The "Resort Wear" thing - I think people wer a lot more aware of context in the past - e.g. a paisly shirt at the beach, a batik madras jacket for cocktails on vac. in Florida wouldn't have turned heads. People dressed for work, and dressed for play accordingly. Now people dress for work like they're about to do some gardening - context has been lost to a degree?
When I look through 1940's & 1950's copies of National Geographic I never fail to marvel at some of the colour/pattern combinations of the ‘resort wear' whether illustrated in holiday ads or in those distinctive deeply saturated colour photos that accompany the articles. Some of the outfits would definitely cause a stir in the Caribbean, Florida or wherever of 2011. The cut and style of the clothes are familiar enough but it’s the diversity of the colours that is the real shock to the modern eye.
Staceyboy
as far as i ever knew "jivy ivy" was a reference to the more extreme jazz styles. on here it seems to be used for everything from hawaiian shirts to elvis rockabilly suits. stamp out imprecise usage. onward!
I thought that Jivy Ivy was an exaggeration of Ivy styles... a little bit more slim than usual, shorter hemlines, skinny lapels, not just narrow ones...
and maybe a little bit more flash and loud, shiny sharkskin suits, you know... like the rat pack suits...
more Las Vegas entertainment than serious jazz musician...
I thought that some of Elvis' clothing was part of this, too.
Here's some great pics from the summer of 1952 pertinent to this thread
http://www.askandyaboutclothes.com/forum/showthread.php?96702-Gentry-No.-3-Summer-1952&highlight=Gentry
nice, thanks!
This brings us back round to the 'Tiki' craze of the 50's and 60's which we discussed moons ago.
There are some fantastic shirts from that period, but when you would where them in a non-ironic fashion, I don't know?

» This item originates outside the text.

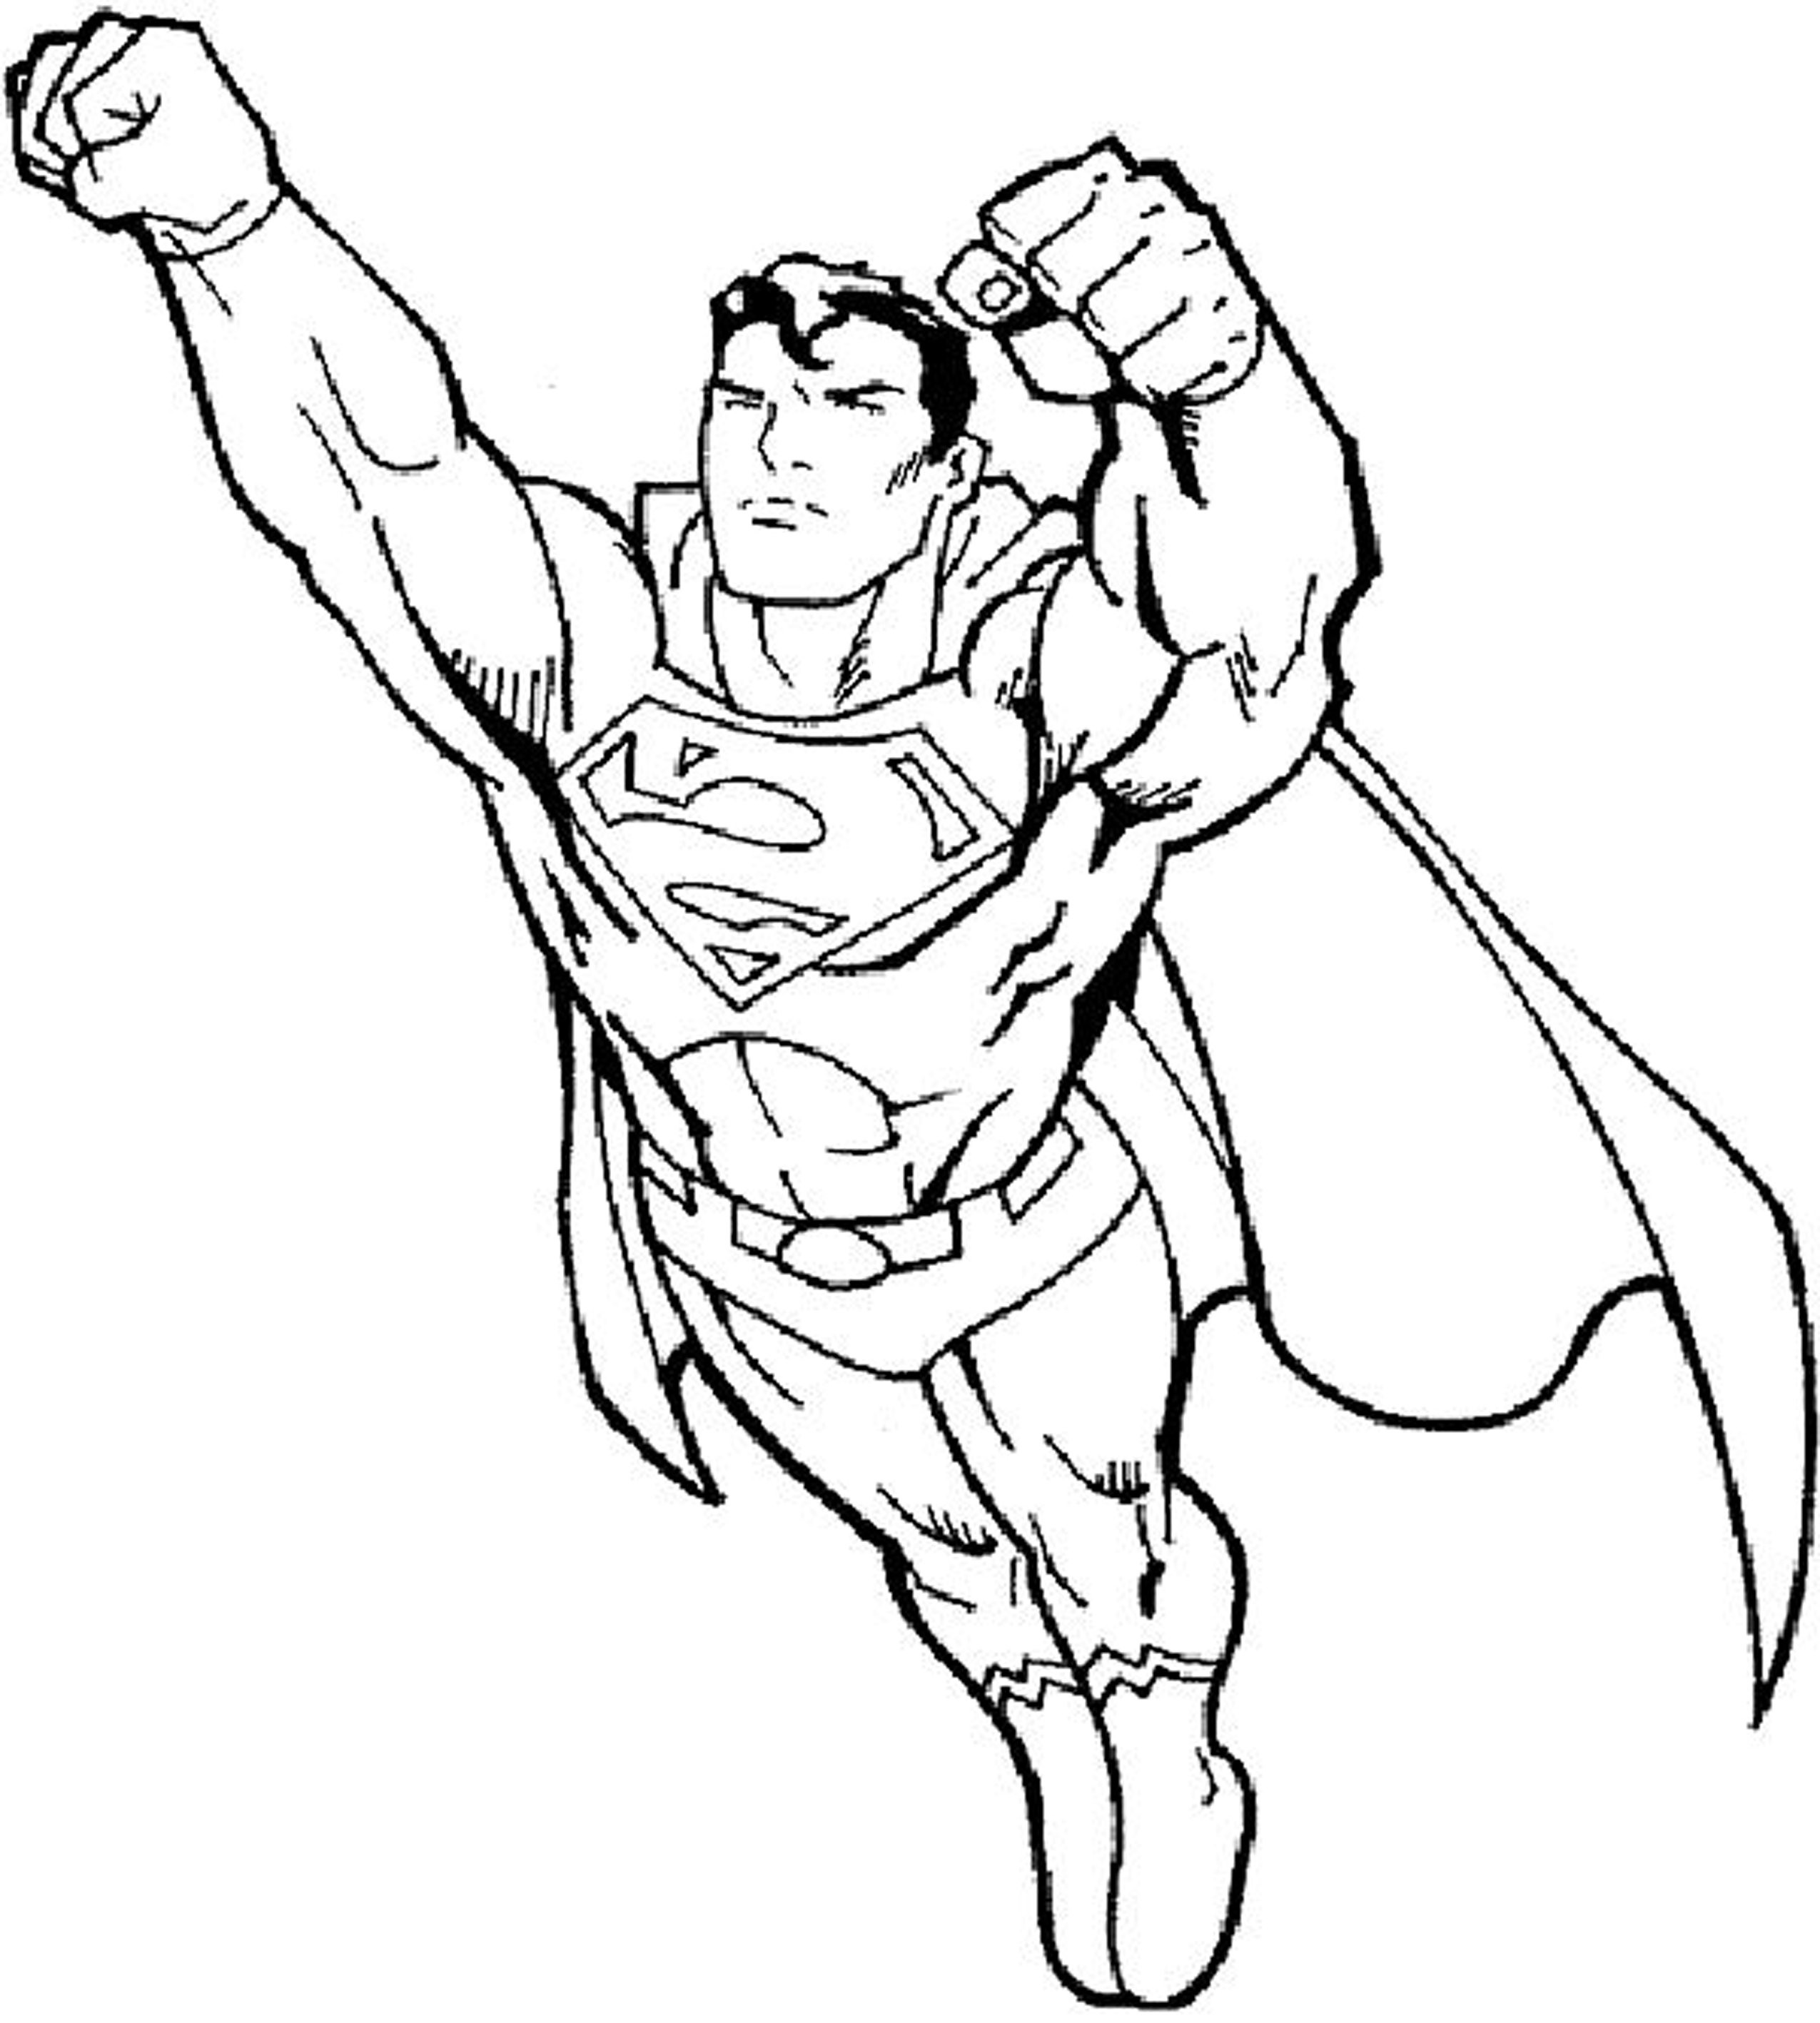 Free Coloring Sheets Boys
 Coloring Pages Free Printable Coloring Pages For Boys

So how big a statement was the material of Georgie's jacket in London back in the day?
It must have been a real bolt from the blue. Maybe?
(See the cute thing I did there about a bolt of cloth? Oh the fun we have !)
^ Whoa! That's madder than mine - but, worn as it should be - white shirt, simple chinos, dark tie - it works. You're saying -I've got this sucker under control....
Top marks.
Howard Rumsey's Lighthouse club originally had a Polynesian theme, and there's plenty of photos of a young Chet and Miles in Hawaiian shirts and one of Chet in a Polynesian style jumper at one of the Pacific Jazz session photographed by Claxton.
The last companies to do batik styles, must have been Mambo and Ocean Pacific back in 1988.
As per Harpo's and Staceyboy comments and Cardinals photos and links attest to, is that there was a major catacylism between vacation wear and normality. Dressing for context indeed, maybe they were more professional at work than now and really let rip during their holidays, much more than now. Quite possibly.